These cocoons of Argiope are made late in the summer, and the young stay in them till the next season. Out of six hundred cocoons collected by Wilder in the spring, less than a quarter were entire, the rest being pierced, or torn in some way, by birds or insects; so that the spiders were saved the trouble of gnawing their way out, as they can if obliged to.
I once noticed a small Theridion gnawing at its soft cocoon, and found that one side had been made in this way much thinner than the rest of the cocoon. I put her, with the cocoon, in a bottle where I could watch her; and she soon commenced biting again, and kept it up the rest of the day. The following night the young came out.
Many spiders remain by their cocoons till the young come out; but other species, making similar ones, go away, or die, and the young get out themselves when they are old enough.

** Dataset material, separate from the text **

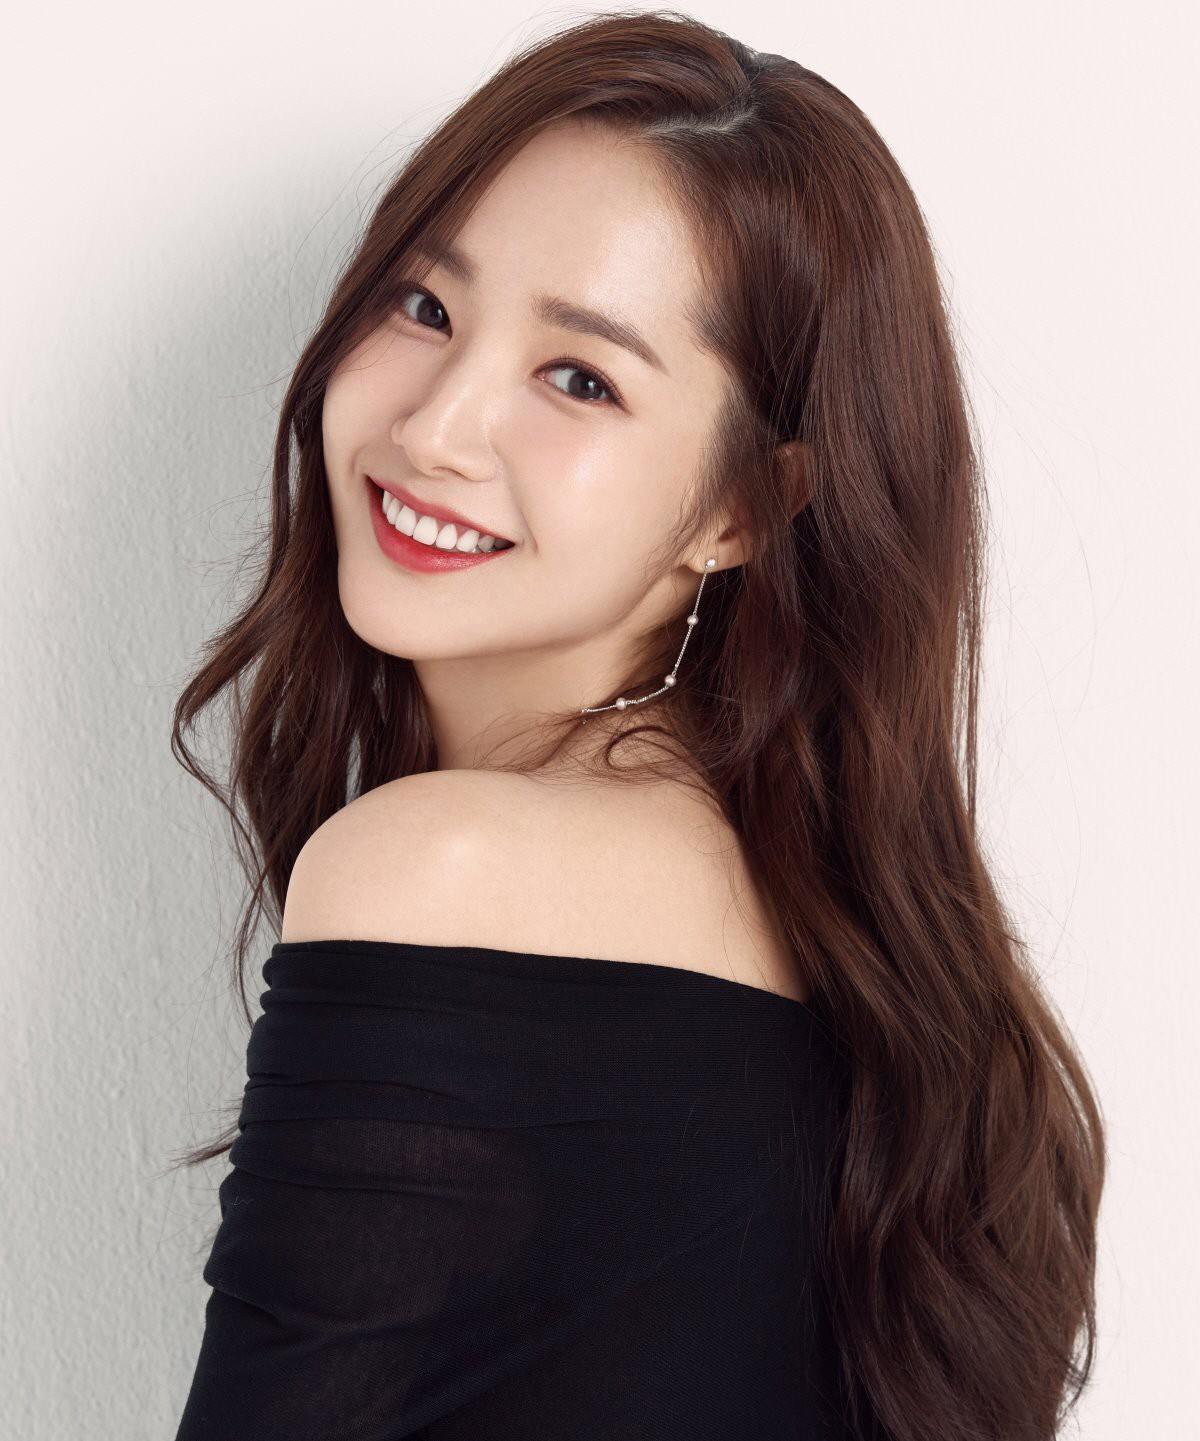 Ảnh hậu trường đẹp khó tin của đệ nhất dao kéo Park Min Young: Đẳng cấp còn hơn cả thiên thần tỉ tỉ - Ảnh 8.

The young of Micaria cut a smooth round hole in their paper-like cocoon, just large enough for them to come out one by one.
PARASITES.
The eggs in the cocoon are very liable to be eaten by parasitic insects. Certain wingless Hymenoptera are always hunting around in the neighborhood of spiders’ nests, and may sometimes be seen trying to stick their ovipositor through a cocoon. If they succeed, their eggs hatch before the spiders, and eat the latter up. Other parasites lay eggs on the backs of young spiders, and the larva lives attached to the outside till it gets nearly as large as the spider itself.
GROWTH IN THE EGG.
The egg of a spider, like that of any other animal, is a cell which separates from the body of the female, and afterwards unites with one or more cells which have separated from the body of the male. This fertilization of the eggs probably takes place when they have reached their full size, and are about to be laid.
After the eggs are laid and hardened, it is very easy to watch their development. They grow just as well anywhere else as in the cocoon, and, in order to see through the shell, it is only necessary to cover the egg to be examined, with oil, alcohol, or any liquid that will wet it.